[ZODB-Dev] How expensive are savepoints?

Sat Jul 9 11:04:27 EDT 2005

[Christian Heimes]
> How expensive and costly are savepoints?

6, maybe 6.2, depending on the units you're using <wink>.  Seriously, how
can such a question be answered?  How expensive is math.log()?

> I wasn't able to find informations about it in the Zope docs.

Savepoints are very new, and AFAIK nobody has done timing experiments on
them.

> Are they as expensive as sub transactions or are they just using some CPU
> cycles?

Savepoints are a generalization of subtransactions (and subtransactions are
now implemented "on top of" savepoints), so if you think the cost of a
subtransaction was 100, the cost of a savepoint will be somewhere around 100
too.  Modified state has to be written to temp file(s) in either case, and
in such a way that it can be forgotten later if desired.

> I'm thinking about using savepoints in my migration code. The code is
> migrating a possible large amount of objects (hundreds up the tenth of
> thousands).
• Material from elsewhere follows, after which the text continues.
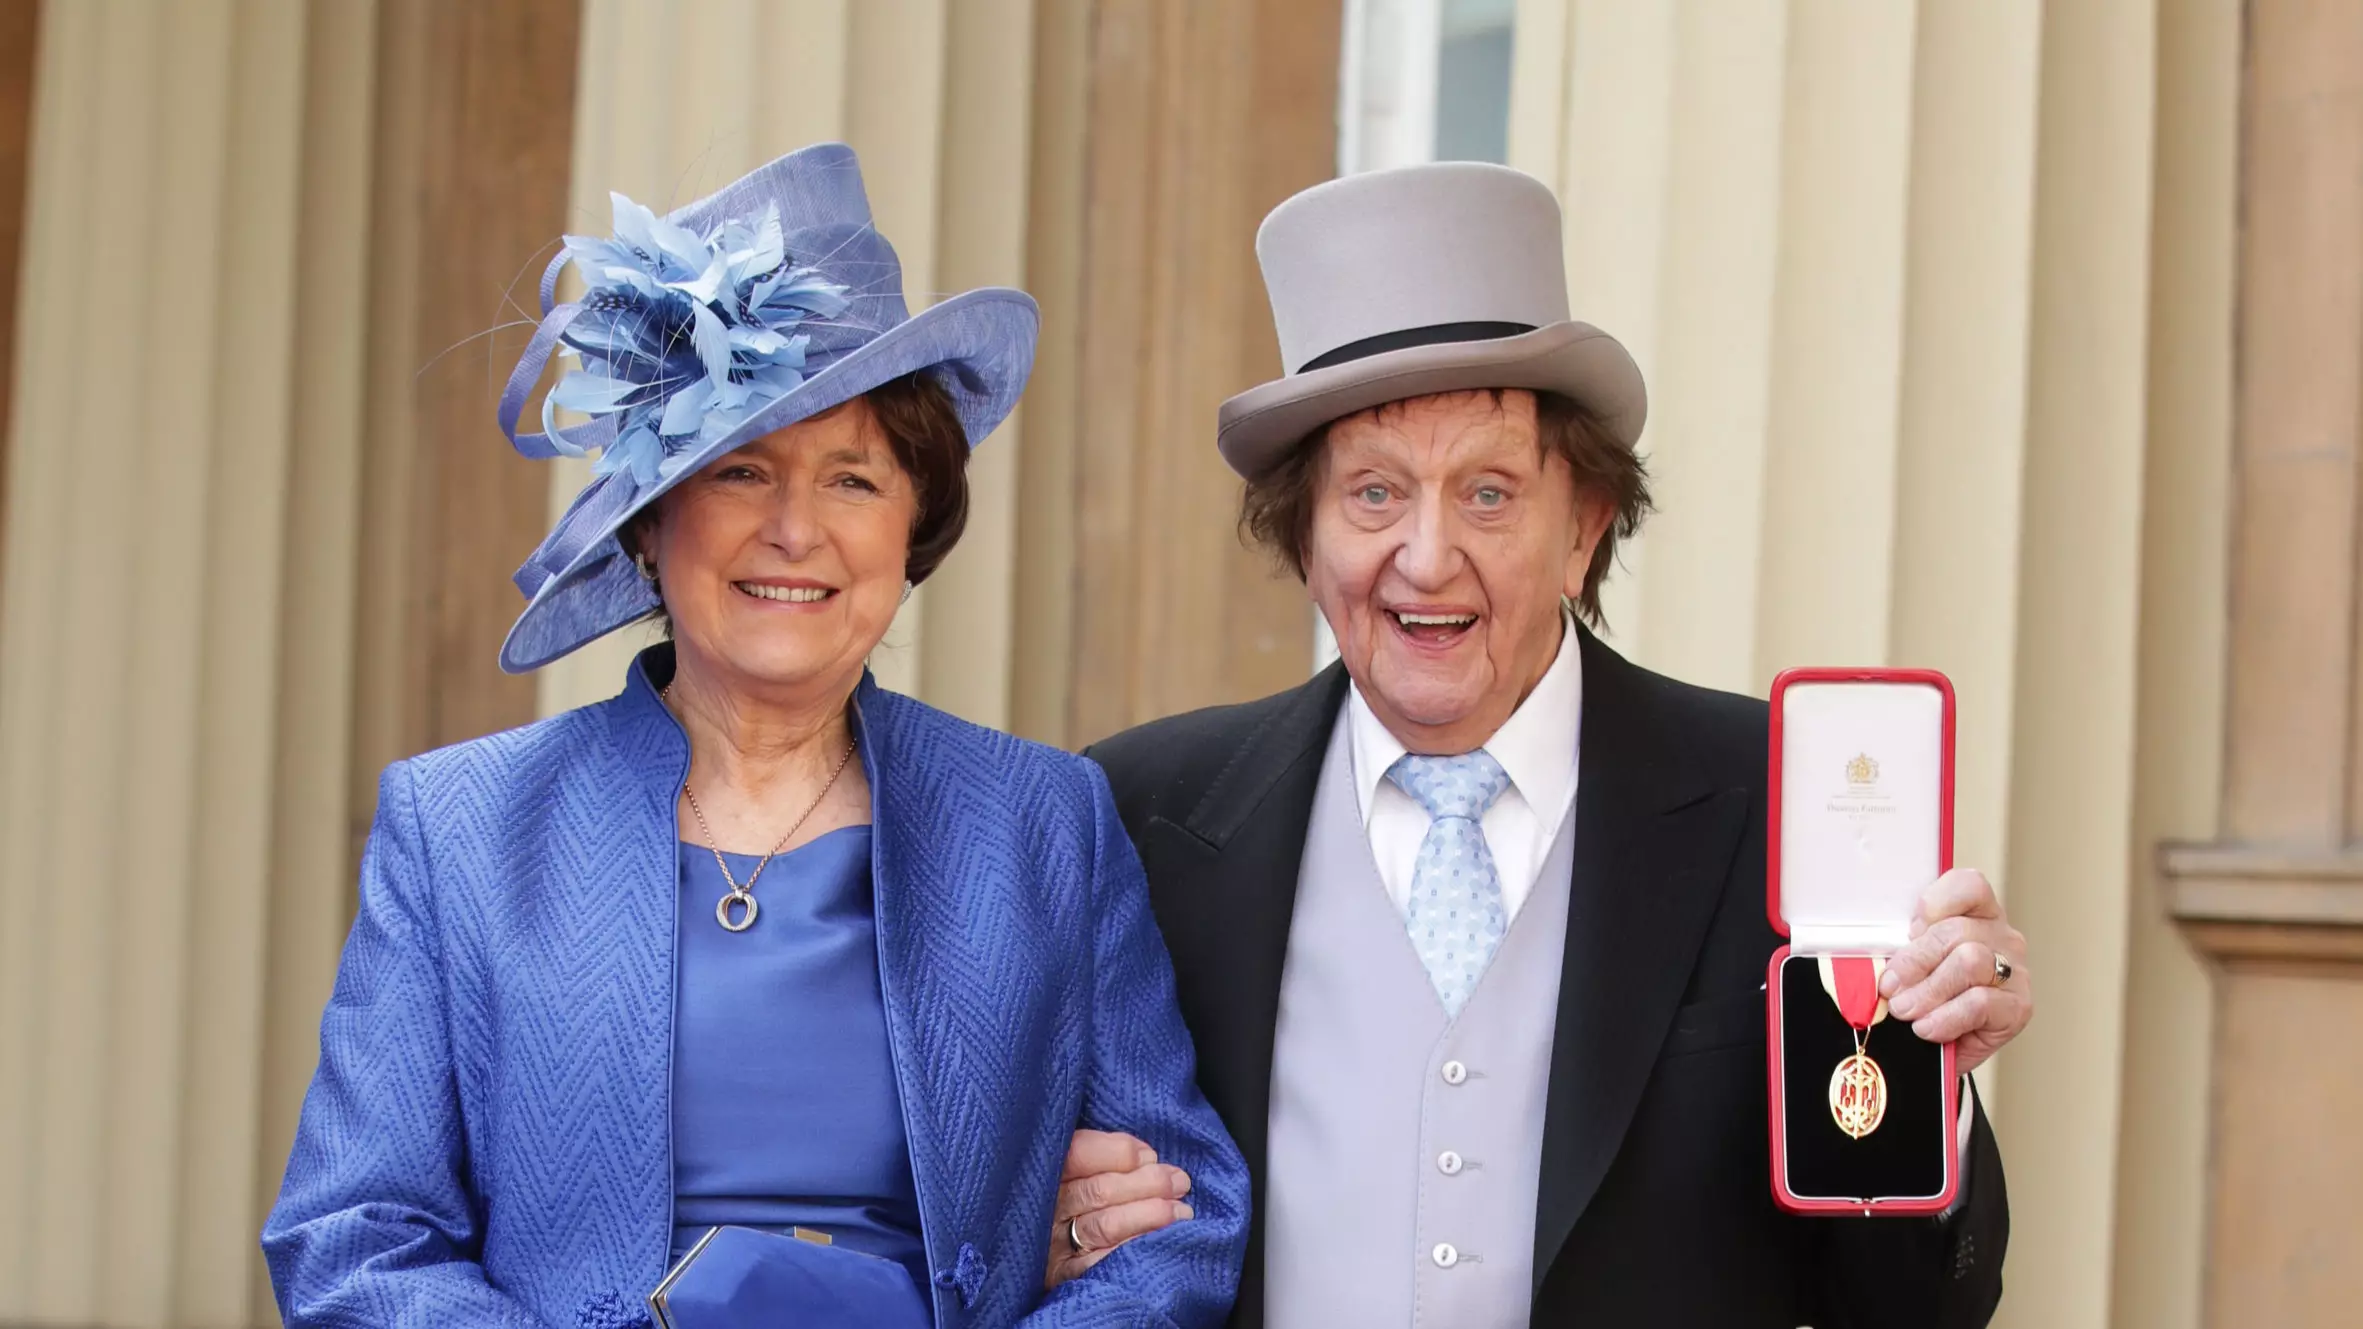 Ken Dodd Marrying Long Time Partner Days Before Death Was A Smart Tax Move

I don't want the code to fail because the last object has an
> unicode decode issue.

This sounds like a good use for savepoints.

> Code example:
>
> for ob in objs:
>      savepoint = transaction.savepoint()
>      try:
>          migrate(ob)
>      except ConflictError:
>          raise
>      except:
>          log()
>          savepoint.rollback()
>
> If savepoints are costly I would create a new savepoint every 10 or 50
> objets.

If I were you, I'd just _try_ it, and fiddle as necessary until I was happy
with the tradeoffs I saw on my real data.  It's not possible to guess the
outcome; e.g., if "a typical call" to migrate() takes 10 seconds for your
objects, the time to make a savepoint will probably be relatively
insignificant; if migrate() takes a nanosecond, the time to make a savepoint
will be relatively huge.

I tried this code:

"""
# ...
# tedious setup code to open a database and hang `tree` off the
# root object
# ...

start = now()
for i in range(N):
    tree[i] = 2*i
    sv = transaction.savepoint() # "the savepoint line"
transaction.commit()
finish = now()
print finish - start
"""

with and without the savepoint line, where `tree` was an OOBTree and `N` was
1000, and it took 10x longer with the savepoint line.  This is probably
close to a worst case, because `tree[i] = 2*i` most often modifies the same
bucket it modified on the previous iteration, and taking a savepoint on each
iteration therefore requires writing out the full state for each bucket many
times (about 15 times each, in fact).  Without the savepoint line, each
bucket state is materialized to disk only once.

If I change it to an IIBTree, the discrepancy is even larger (about a factor
of 15), because IIBTrees tend to put many more (key, value) pairs in their
buckets than OOBTrees do, so each bucket state gets written out many more
times with the savepoint line (about 60 times each) than without.

OTOH, if your idea of migrate() doesn't make changes to the same containers
(or other persistent objects) across iterations, the discrepancy should get
smaller, approaching a factor of 1.0 in the limit (if no two iterations
modify the same persistent object).  It's not possible to quantify that in
advance without knowing everything about your objects, your containers, and
all the details involved in what your migrate() does.

Of course if this is a one-time migration, I wouldn't worry about expense at
all -- for all I know, it took me longer to write this reply than it will
take you to run the migration script <0.6 wink>.